What is the method in pandas for removing duplicates ba…
The method pandas uses to remove duplicate rows is by using the drop_duplicates() function. This function can generate a new DataFrame with the duplicate rows removed.
Here is the specific usage:
df.drop_duplicates(subset=[列名], keep='first', inplace=True)
- The subset parameter is used to specify the column name or list of column names to check for duplicates. By default, this parameter is set to None, indicating that all columns will be checked.
- The parameter ‘keep’ is used to specify which duplicate value to retain. The options are first, last, and False. By default, it is set to first, which means to keep the first occurring duplicate value; last means to keep the last occurring duplicate value; False means to delete all duplicate values.

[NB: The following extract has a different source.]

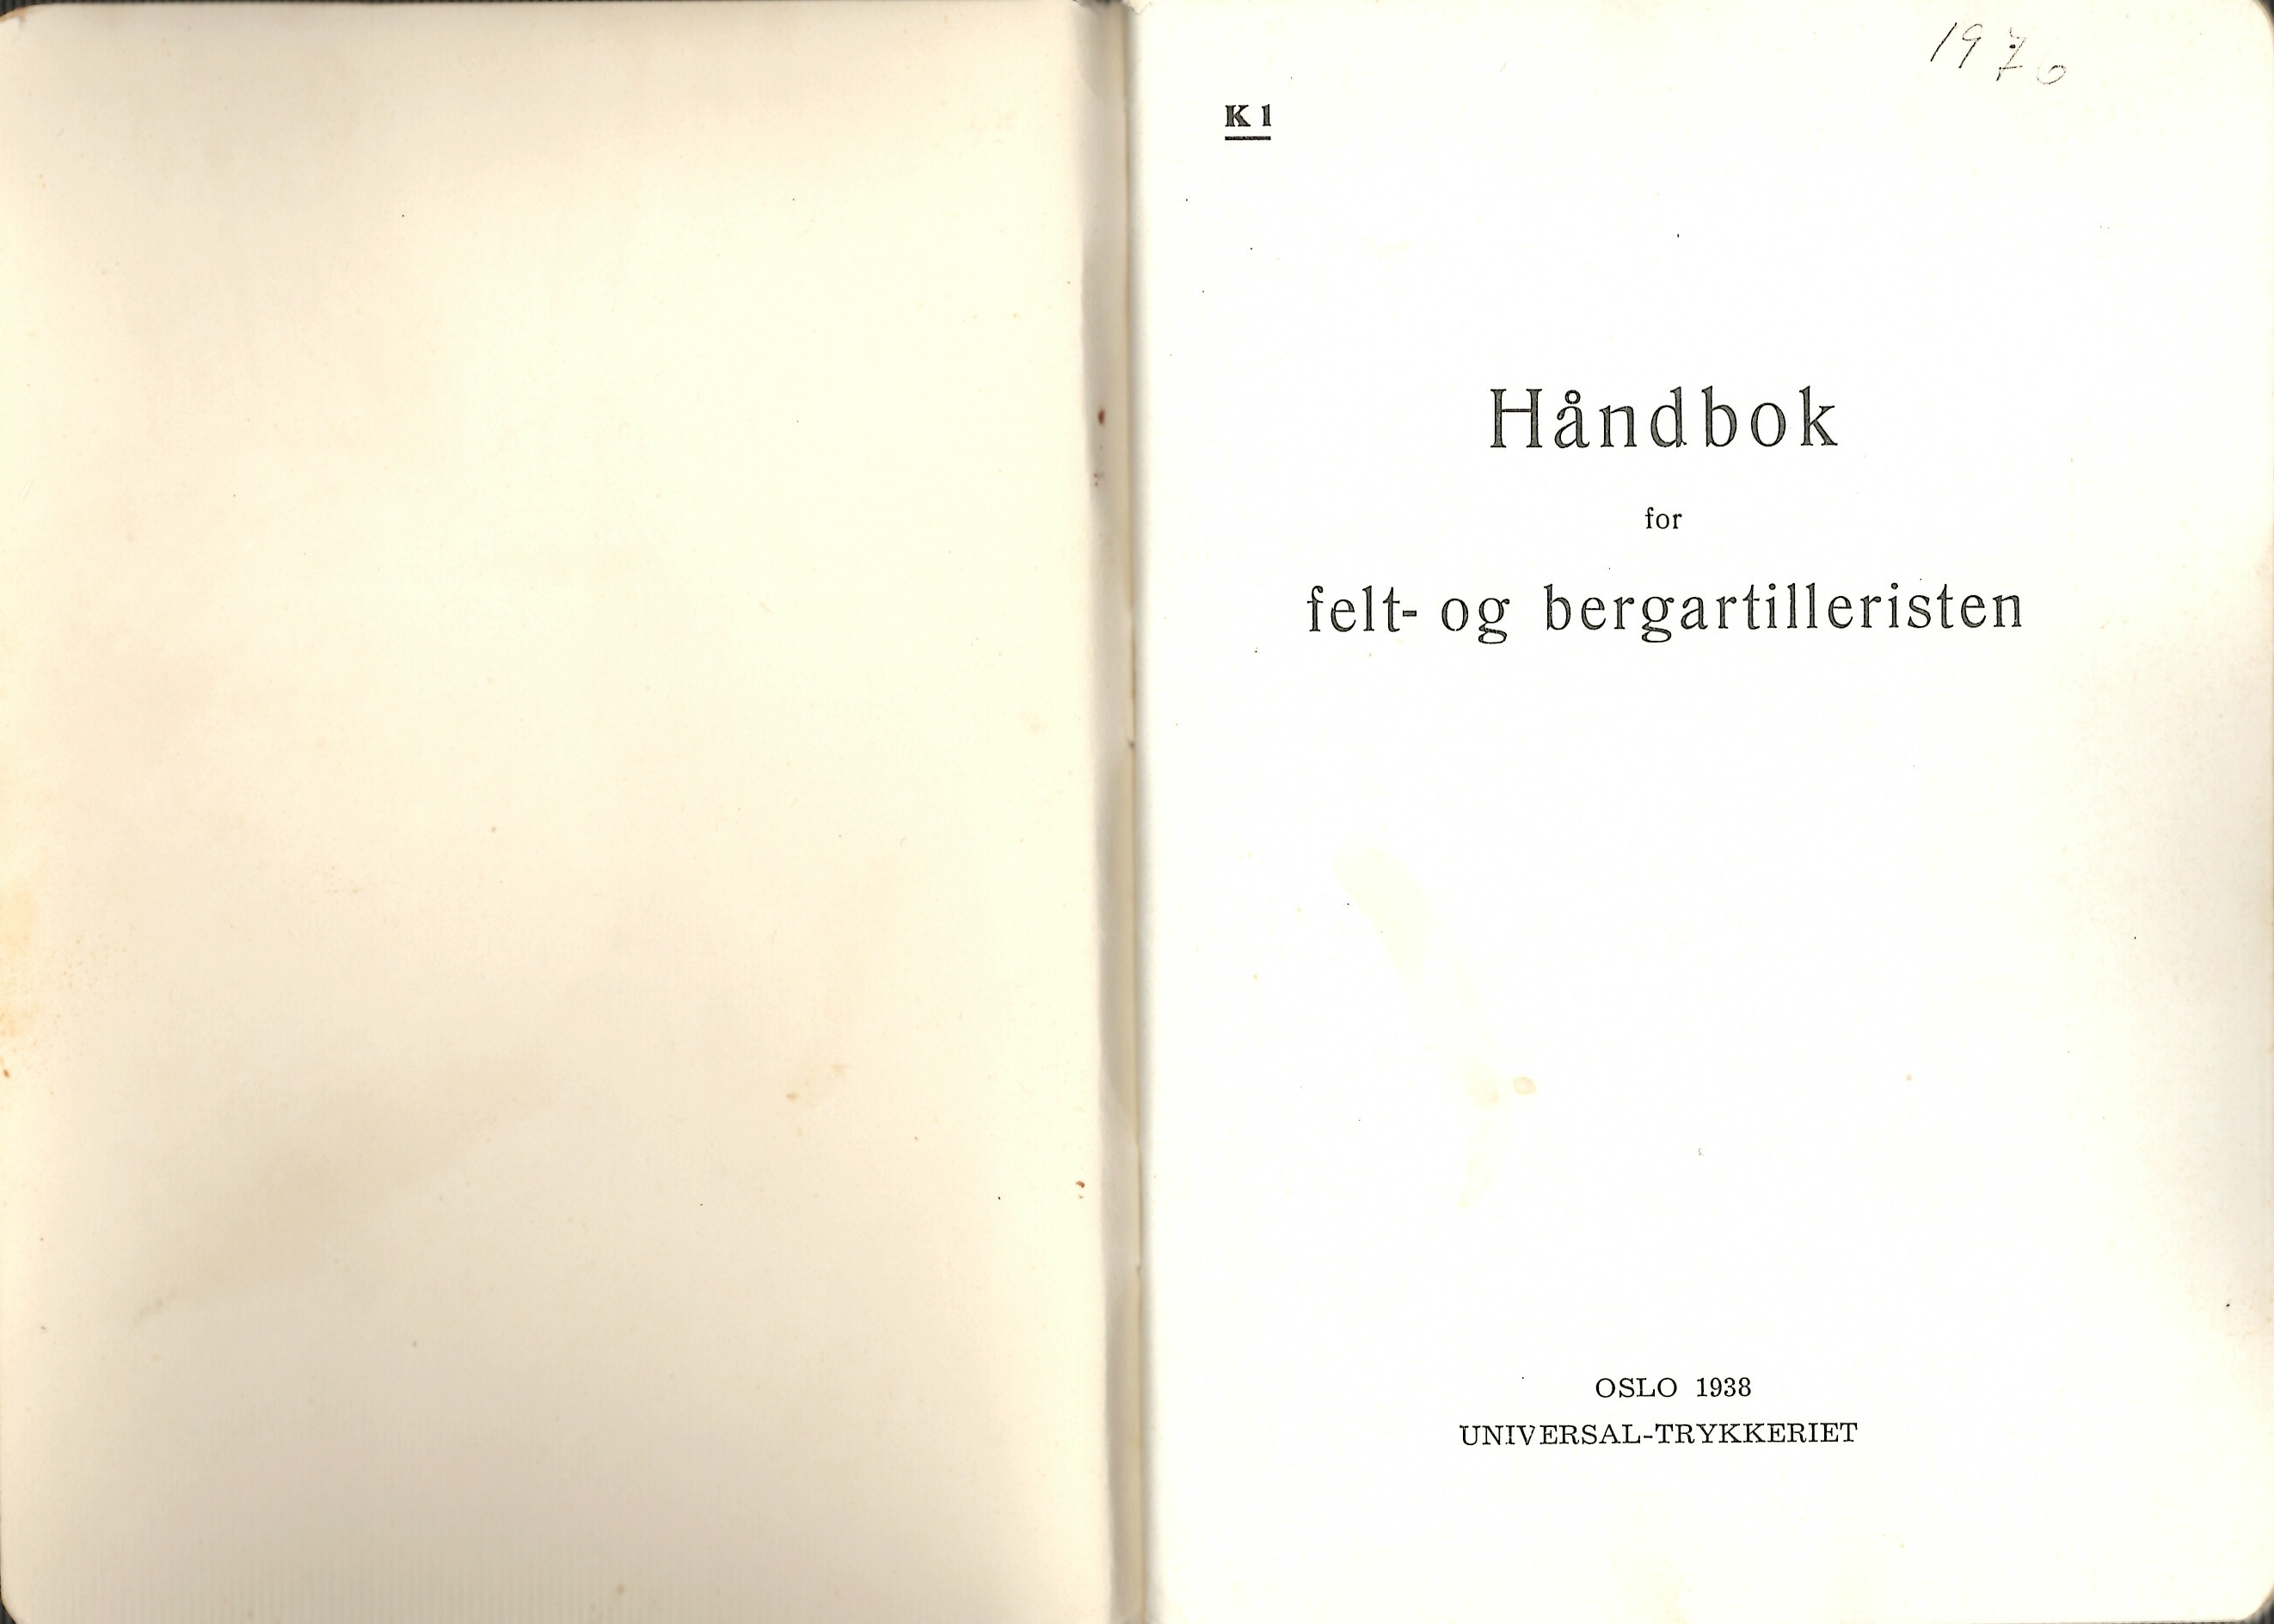 ./doc/reglement/K1/K1-Handbok-Felt-og-bergartilleristen-1938-2.jpg
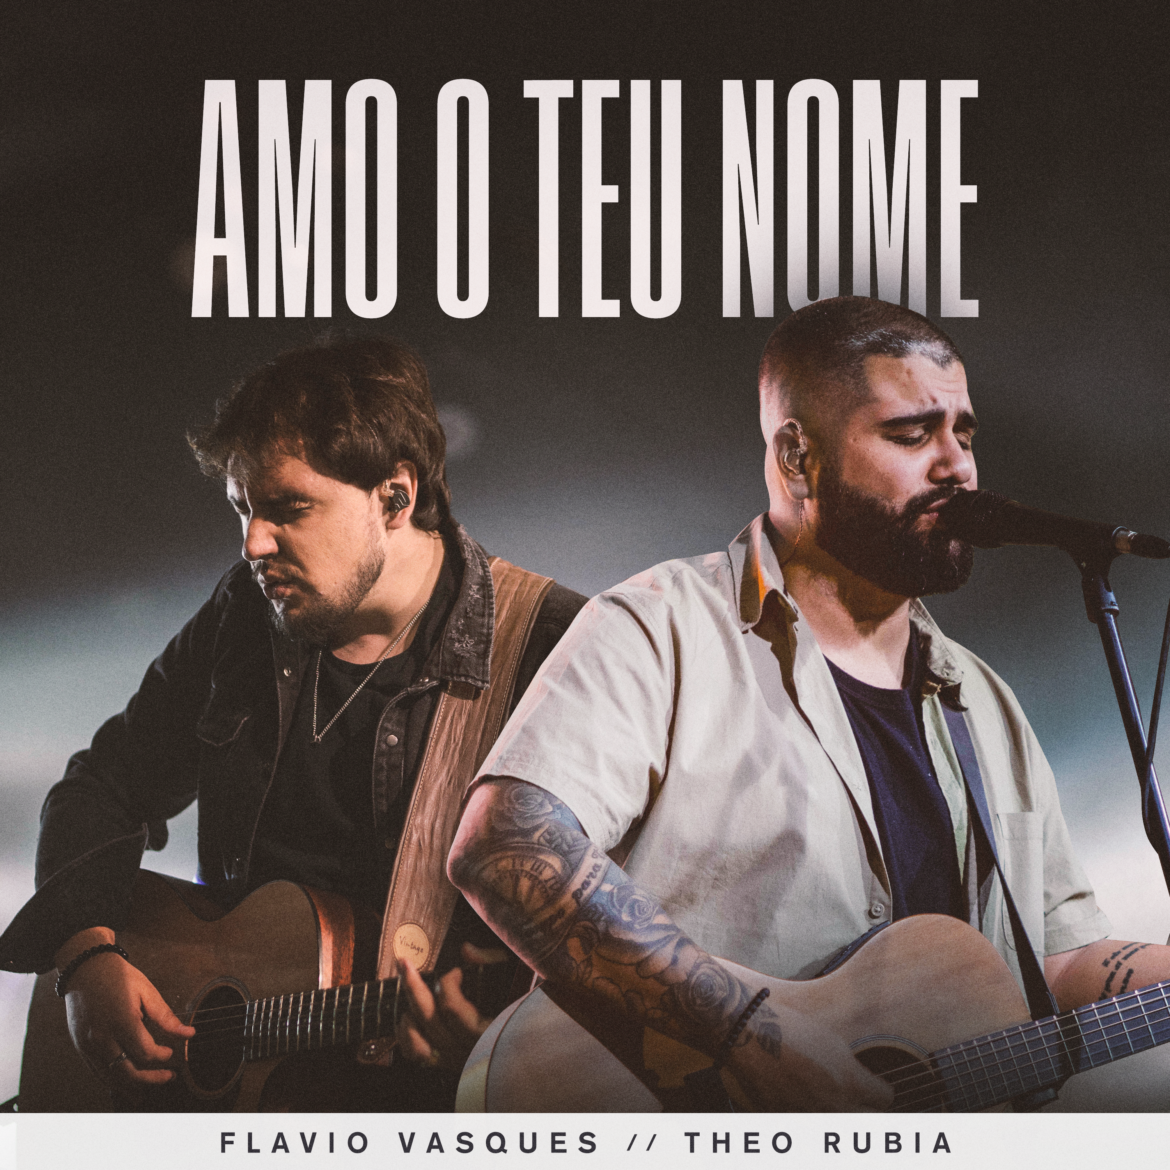 Flávio Vasques lança “Amo o Teu Nome”, collab com Theo Rubia

- The inplace parameter is used to specify whether to make changes on the original DataFrame. By default, it is set to False, which means it will return a new DataFrame after removing duplicate values. If set to True, it will modify the original DataFrame and return None.
The shop was closed due to renovations.
Paraphrase: The store was shut down because it was being renovated.
import pandas as pd
# 创建一个包含重复值的DataFrame
data = {'A': [1, 2, 2, 3, 4, 4],
'B': ['a', 'b', 'b', 'c', 'd', 'd']}
df = pd.DataFrame(data)
# 根据列'A'去重
df.drop_duplicates(subset=['A'], keep='first', inplace=True)
print(df)
Result output:
A B
0 1 a
1 2 b
3 3 c
4 4 d
In the above example, duplicates were removed based on column ‘A’, with only the first occurrence being kept.